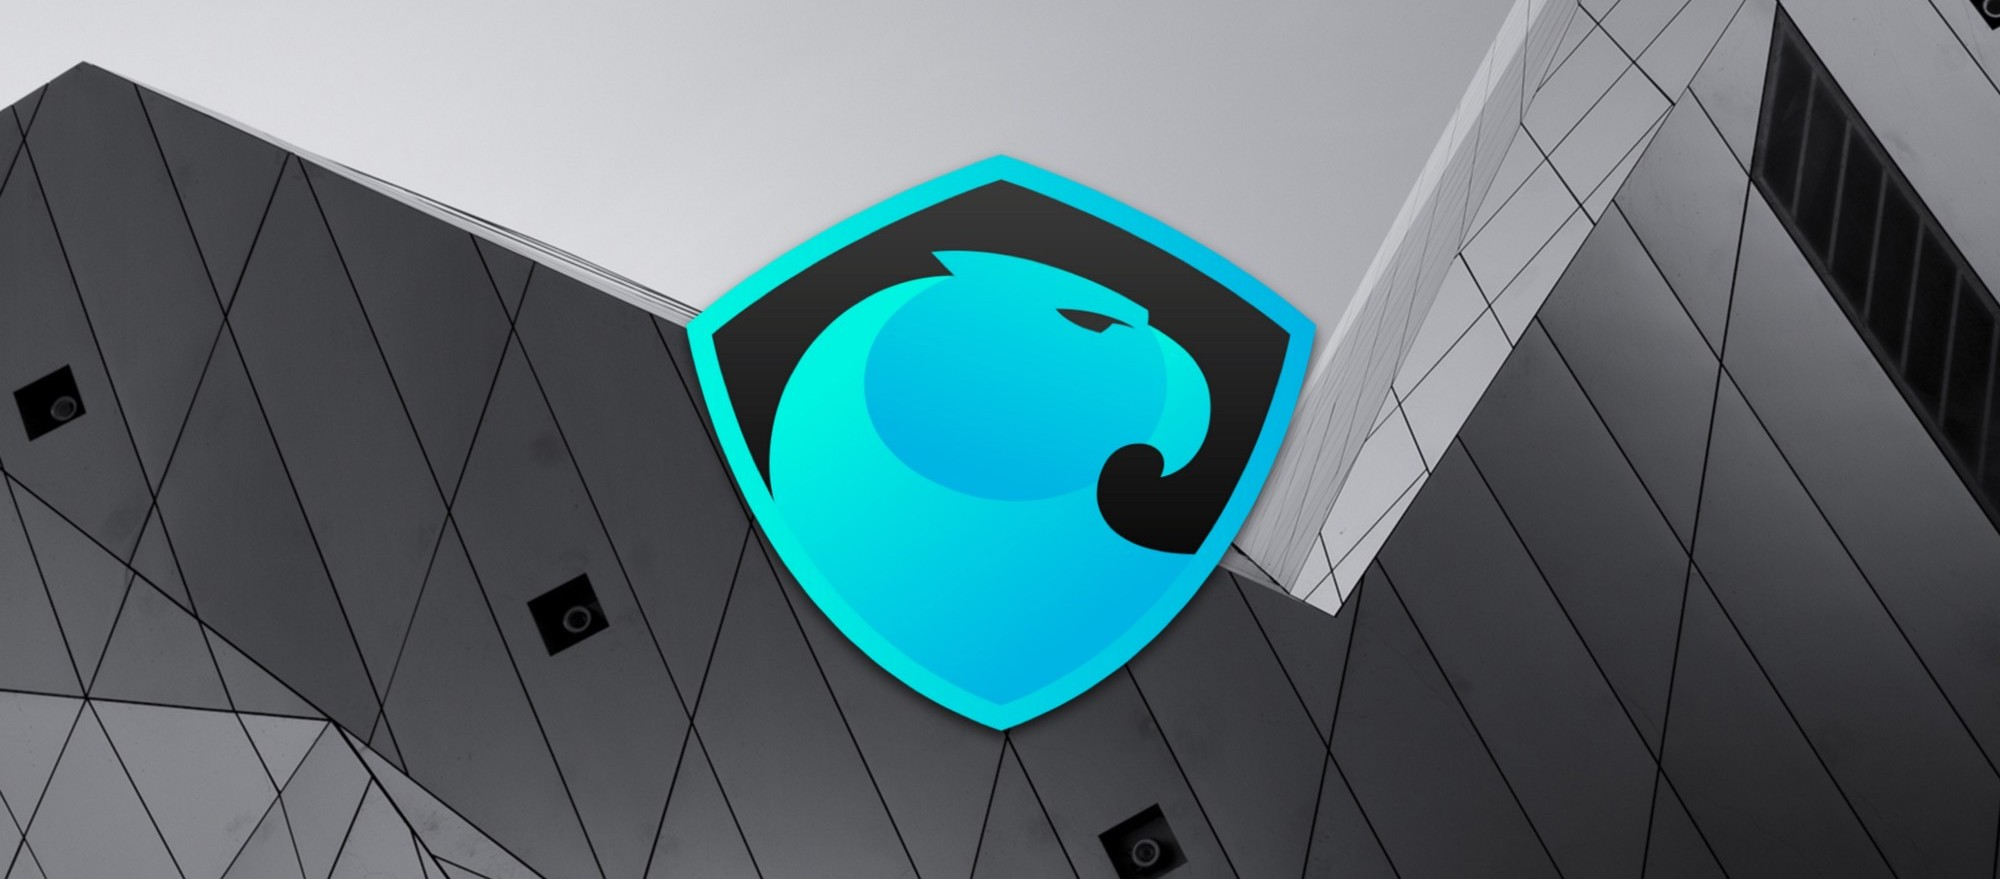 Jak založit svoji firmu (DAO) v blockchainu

==

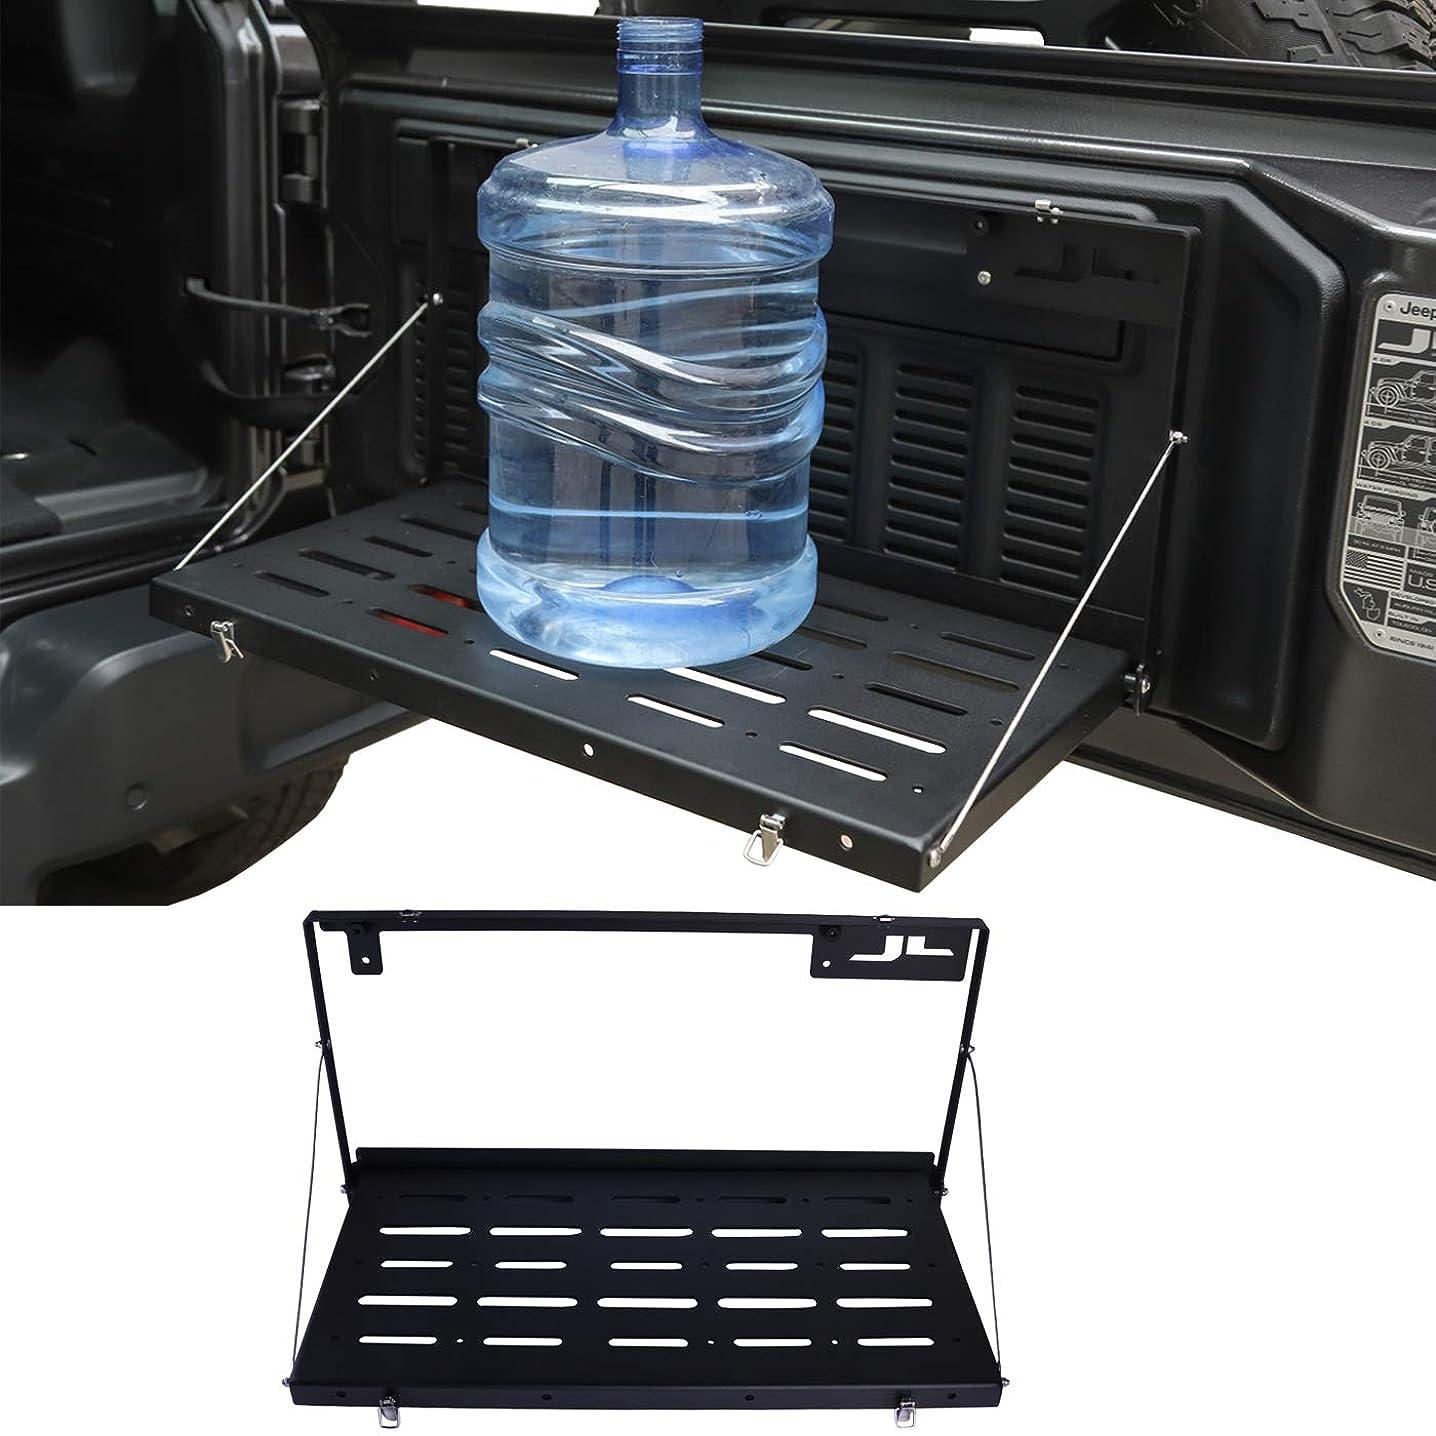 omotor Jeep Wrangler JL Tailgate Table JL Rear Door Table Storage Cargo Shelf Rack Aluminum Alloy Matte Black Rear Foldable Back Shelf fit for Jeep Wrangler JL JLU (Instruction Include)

--

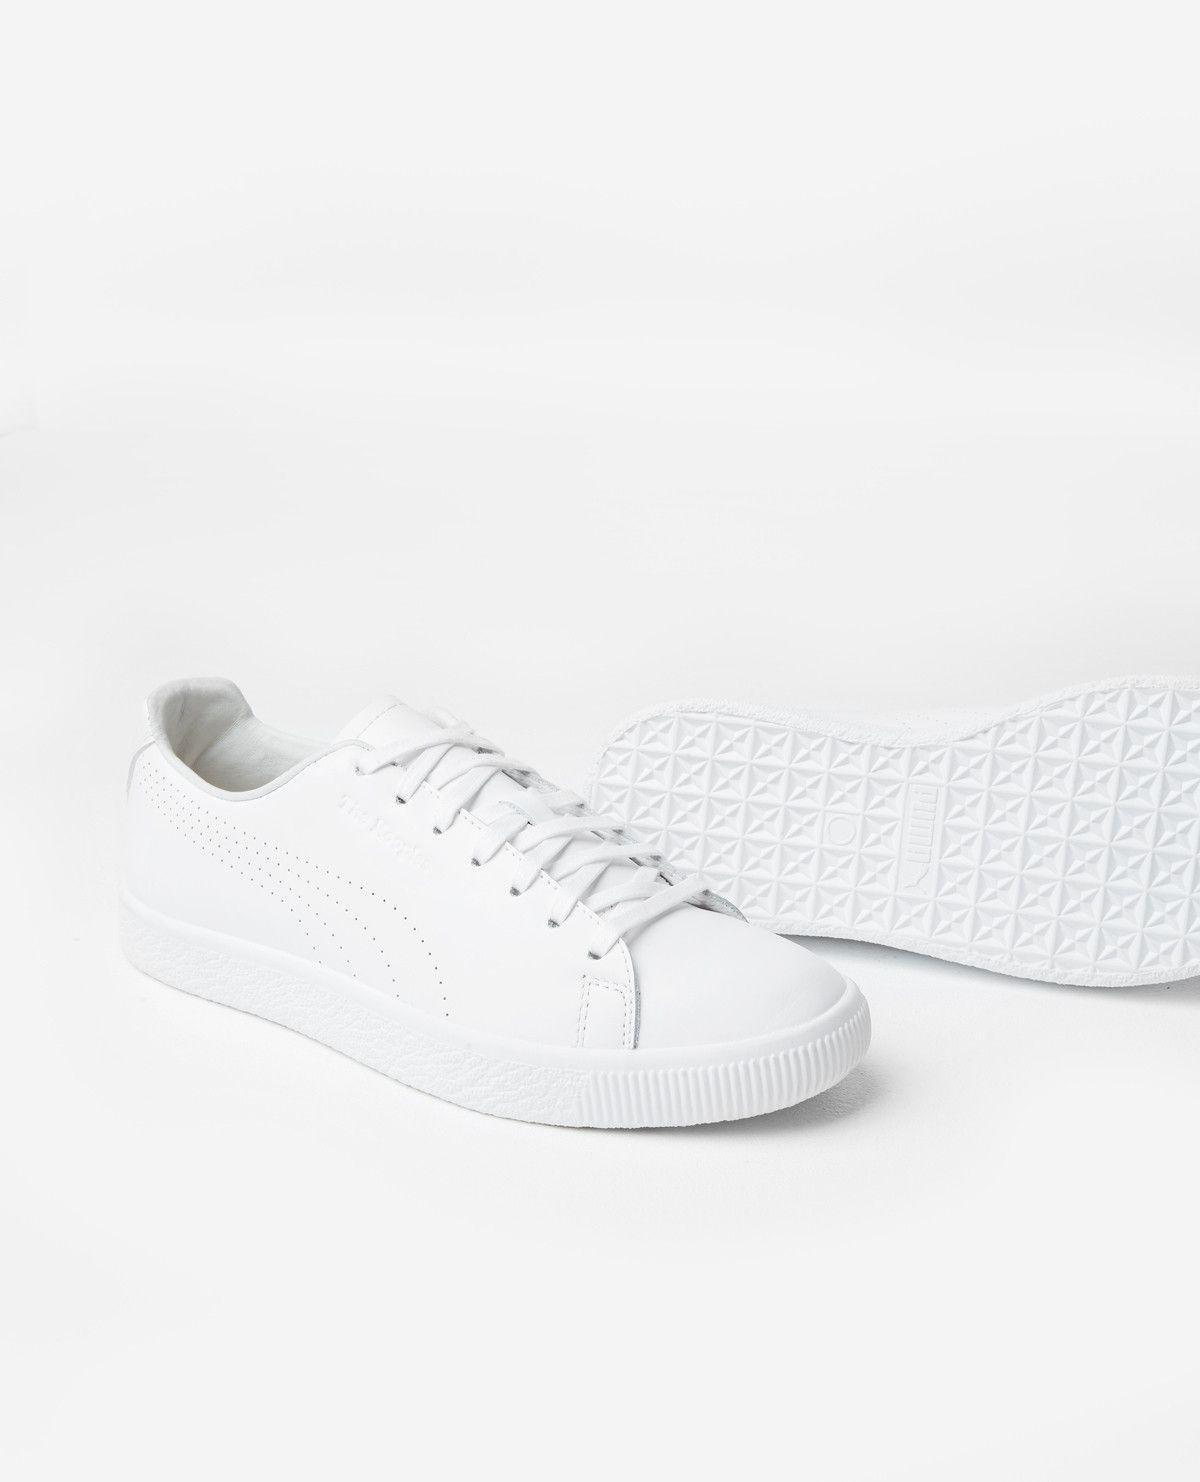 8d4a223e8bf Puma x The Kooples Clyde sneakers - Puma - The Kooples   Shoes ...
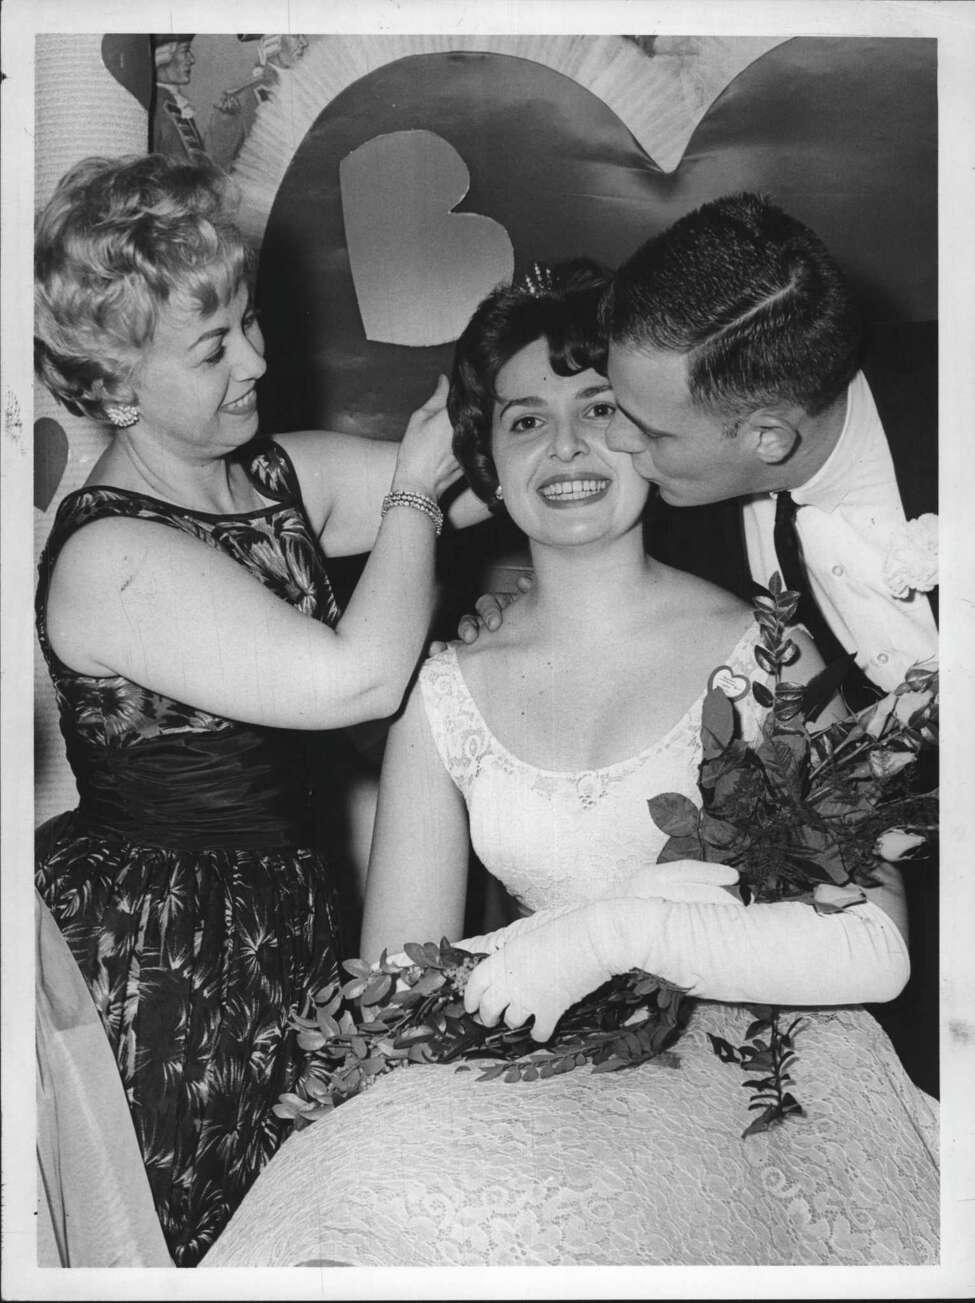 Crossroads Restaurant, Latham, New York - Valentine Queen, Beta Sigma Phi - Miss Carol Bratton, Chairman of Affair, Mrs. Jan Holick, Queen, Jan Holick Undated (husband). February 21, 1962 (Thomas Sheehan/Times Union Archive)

**TASK DETAILS**
Among the entries above, copy exactly the stretch from the line holding "8d4a223e8bf Puma x" through the line holding "Crossroads Restaurant, Latham, New", leaving out any pictures.

**RESPONSE FOR THIS EXERCISE**
 8d4a223e8bf Puma x The Kooples Clyde sneakers - Puma - The Kooples   Shoes ...
 Crossroads Restaurant, Latham, New York - Valentine Queen, Beta Sigma Phi - Miss Carol Bratton, Chairman of Affair, Mrs. Jan Holick, Queen, Jan Holick Undated (husband). February 21, 1962 (Thomas Sheehan/Times Union Archive)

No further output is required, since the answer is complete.